# What is TLC ?



## OrchidIsa (Oct 11, 2013)

Hi 

I would like to know if somebody knows what's TLC? I saw a paph grower saying that his paph woluwense has a shallow root system that needs TLC.

Thanks!


----------



## The Mutant (Oct 11, 2013)

Time, Love and Care I think.


----------



## gonewild (Oct 11, 2013)

Tender loving care.


----------



## OrchidIsa (Oct 11, 2013)

Really!? 

Ok... thanks


----------



## Erythrone (Oct 11, 2013)

Je boude.


----------



## gonewild (Oct 11, 2013)

OrchidIsa said:


> Really!?
> 
> Ok... thanks



Beyond the exact meaning of the letters the phrase is used to say... the plant needs extra special care and attention compared to other plants.


----------



## OrchidIsa (Oct 11, 2013)

Oh, ok  So that's what I'll do...

Thanks gonewild!


----------



## Ray (Oct 11, 2013)

tetra lydro cannibanol


----------



## Ozpaph (Oct 11, 2013)

Ray said:


> tetra lydro cannibanol



That's THC......................................somewhat different but the end effect may be similar.


----------



## Secundino (Oct 11, 2013)

¿¿canniba??nol:rollhappy::rollhappy::rollhappy::rollhappy::rollhappy::rollhappy: stoned cannibals, thats fun:rollhappy::rollhappy::rollhappy::clap::clap:


----------



## jtrmd (Oct 11, 2013)

A music group from the 90s


----------



## Brabantia (Oct 11, 2013)

Thin Layer Chromatography


----------



## Erythrone (Oct 11, 2013)

Twins leading a camel ?


----------



## mrhappyrotter (Oct 11, 2013)

The Learning Channel, now with 80% more reality TV and infomercials!


----------



## jtrmd (Oct 11, 2013)

mrhappyrotter said:


> The Learning Channel, now with 80% more reality TV and infomercials!

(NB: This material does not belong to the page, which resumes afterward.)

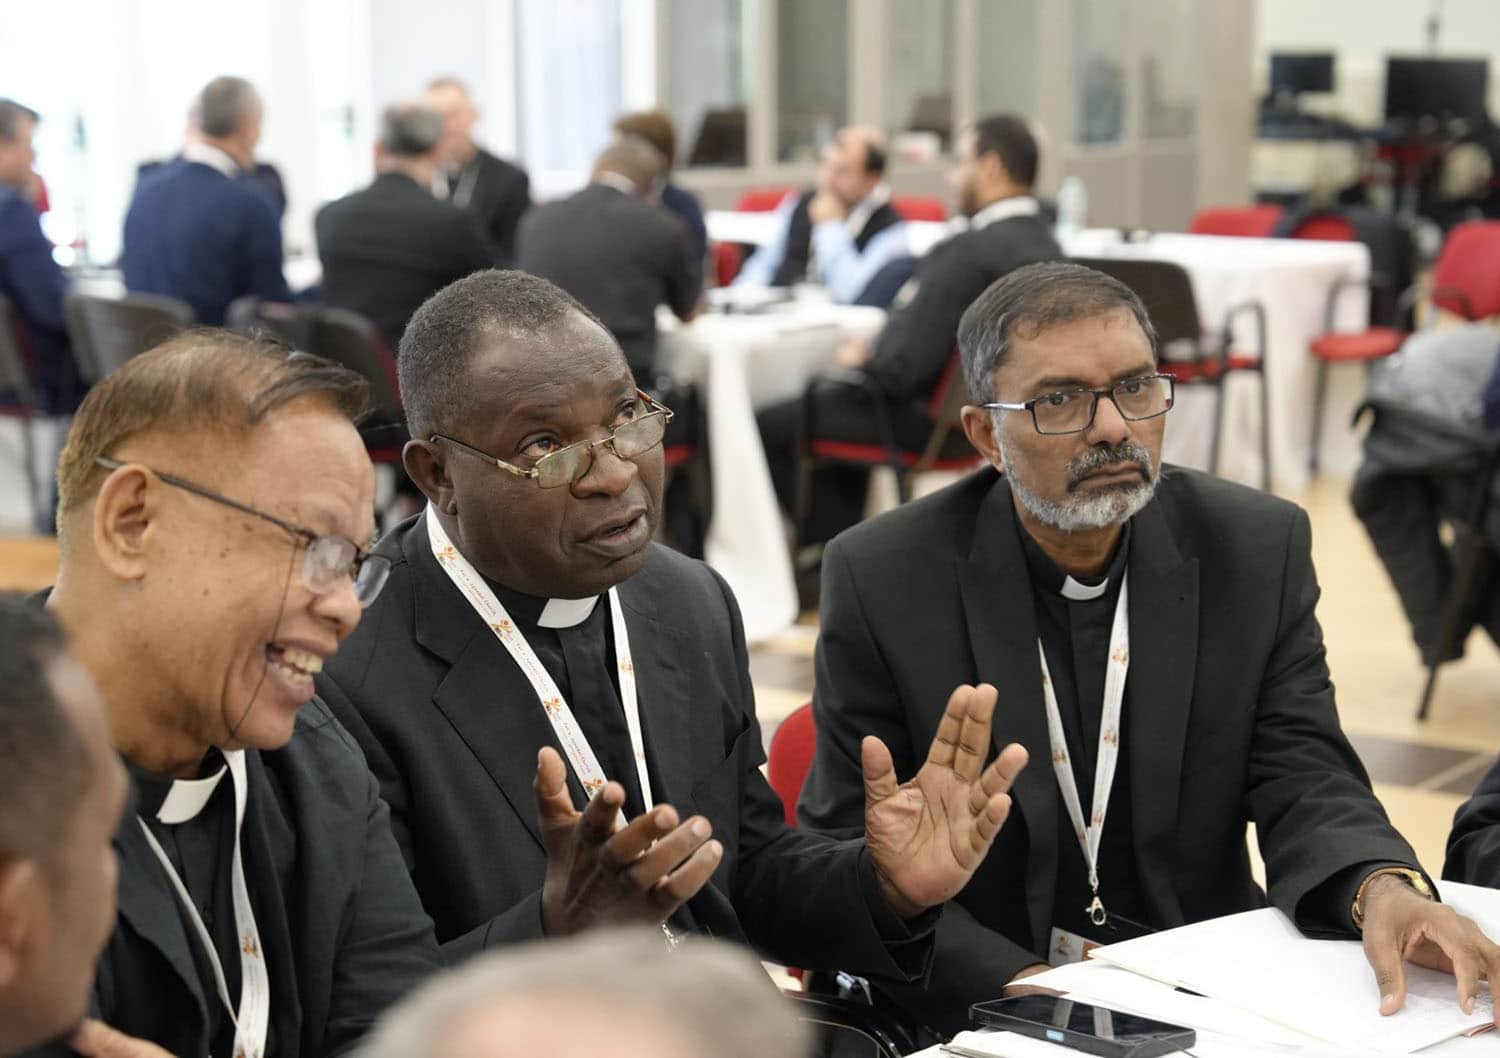 PARISH PRIESTS' SYNOD MEETING

I think all the old ''Learning'' channels are like that now.I am really disappointed in how bad The History Channel is now.


----------



## abax (Oct 12, 2013)

Hijack! Mrhappy and jtrmd, you aren't alone in your disappointment. The
Discovery and History channels are soooooo off the mark. We still do have
the Science channel which seems to be interesting and informative...for
now. I do hope a lot of people are watching "Through The Wormhole with
Morgan Freeman".


----------